On se souvient en effet de son délicieux et irrésistible « Monsieur de Pourceaugnac », aux Bouffes-du-Nord, la saison passée, qui voyait monter à la capitale un notable de Province.
Un notable qui n'avait pas, c'est le moins que l'on puisse dire, les codes sociaux parisiens.

Cette fois-ci, il a choisi une pièce quasi-oubliée de Marivaux, que l'on n'avait pas vue montée au Français depuis... 1734.
(Elle n'y fut d'ailleurs jouée que deux fois. Ce fut un cuisant échec, dès la Première, suite à une cabale, l'auteur ayant de nombreux ennemis, dont un certain Voltaire...)

Clément Hervieu-Léger s'est donc armé de courage et de détermination pour re-créer cette pièce dans la grande Maison.
Courage, car comme il le laisse entendre dans sa note d'intention du dossier de presse, si l'on rate un « Misanthrope », d'autres le réussiront après vous.
En revanche, si l'on passe à côté d'une pièce jouée deux fois en trois cents ans, vous la ré-enterrez pour trois autres siècles.

Qu'on se rassure : cette mise en scène 2016 est ici lumineuse et très réussie.
Ce petit-maître là va se faire véritablement corriger. Il n'y aura pas que lui, d'ailleurs.
Il s'agit d'une correction d'une classe sociale par une autre. J'y reviendrai.

On le sait, Clément Hervieu-Léger a une formation de danseur classique.

A ce titre, il excelle une nouvelle fois à placer le corps des comédiens dans l'espace.
Il sait parfaitement les faire se mouvoir avec grâce, fluidité, précision, violence parfois.

Sur tout le plateau, les comédiens se courent après, se touchent, s'étreignent, s'attirent, se repoussent.
Tout ceci est très sensuel, très organique.
C'est une véritable chorégraphie qu'il nous propose.

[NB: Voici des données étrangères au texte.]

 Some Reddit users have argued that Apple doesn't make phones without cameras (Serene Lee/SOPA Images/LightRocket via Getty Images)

Il a choisi, pour matérialiser cette dimension « province-terroir », de privilégier les positions assises, couchées dans le foin, allongées.
Les « parisiens » Rosimond-Loïc Corbery, Dorimène-Florence Viala trébuchent, glissent, tombent, dans cet espace peut-être propice à l'agoraphobie des gens de la capitale.
(En effet, à la différence de M. de Pourceaugnac, ici, ce sont les parisiens qui descendent en province.)

Bien entendu, et comme d'habitude, la troupe excelle.
Les aînés (Dominique Blanc, Didier Sandre), comme les « petits jeunes » sont simplement parfaits.

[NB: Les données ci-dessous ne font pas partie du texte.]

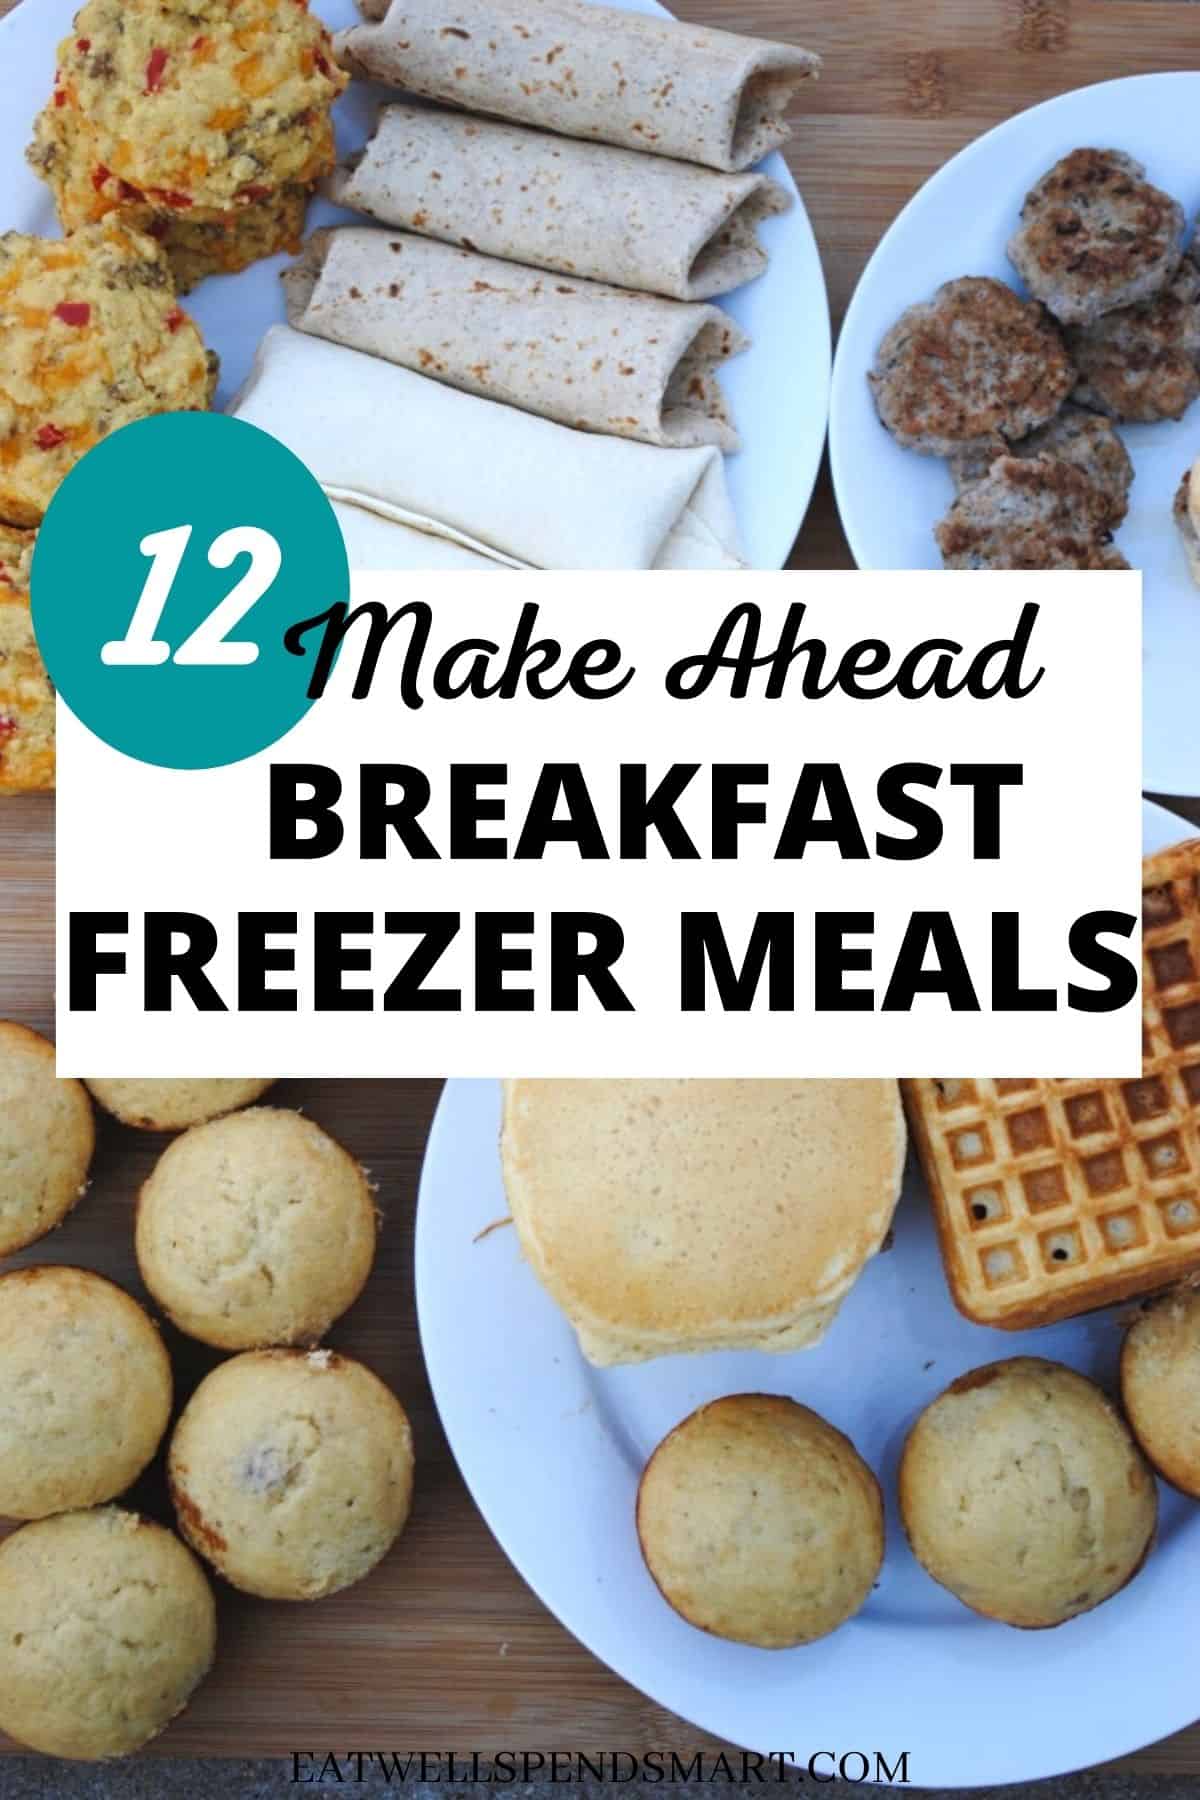 Easy-Breezy Breakfast Bundle Recipe

Loïc Corbery et Florence Viala sont d'une pédanterie et d'une fatuité drôlissimes, alors que Claire de la Rüe du Can est une Hortense délicate mais capable de dire son fait à son promis.

Mais deux comédiens ont particulièrement retenu toute mon attention.

Tout d'abord, Adeline d'Hermy que l'on n'attendait pas forcément en suivante, en soubrette espiègle.
On nous a peu habitués, au Français, à la faire endosser ce genre de rôle.

Elle y est purement et simplement remarquable.
De sa voix reconnaissable entre mille, elle domine souvent la situation.

Et puis surtout, j'ai été enthousiasmé par la partition de Christophe Montenez qui n'en finit pas de nous démontrer l'étendue, la richesse, la finesse de son jeu et de sa palette. (Passer du rôle de Martin Von Essenbeck à celui de Frontin demande beaucoup de talent, de savoir-faire et de métier.)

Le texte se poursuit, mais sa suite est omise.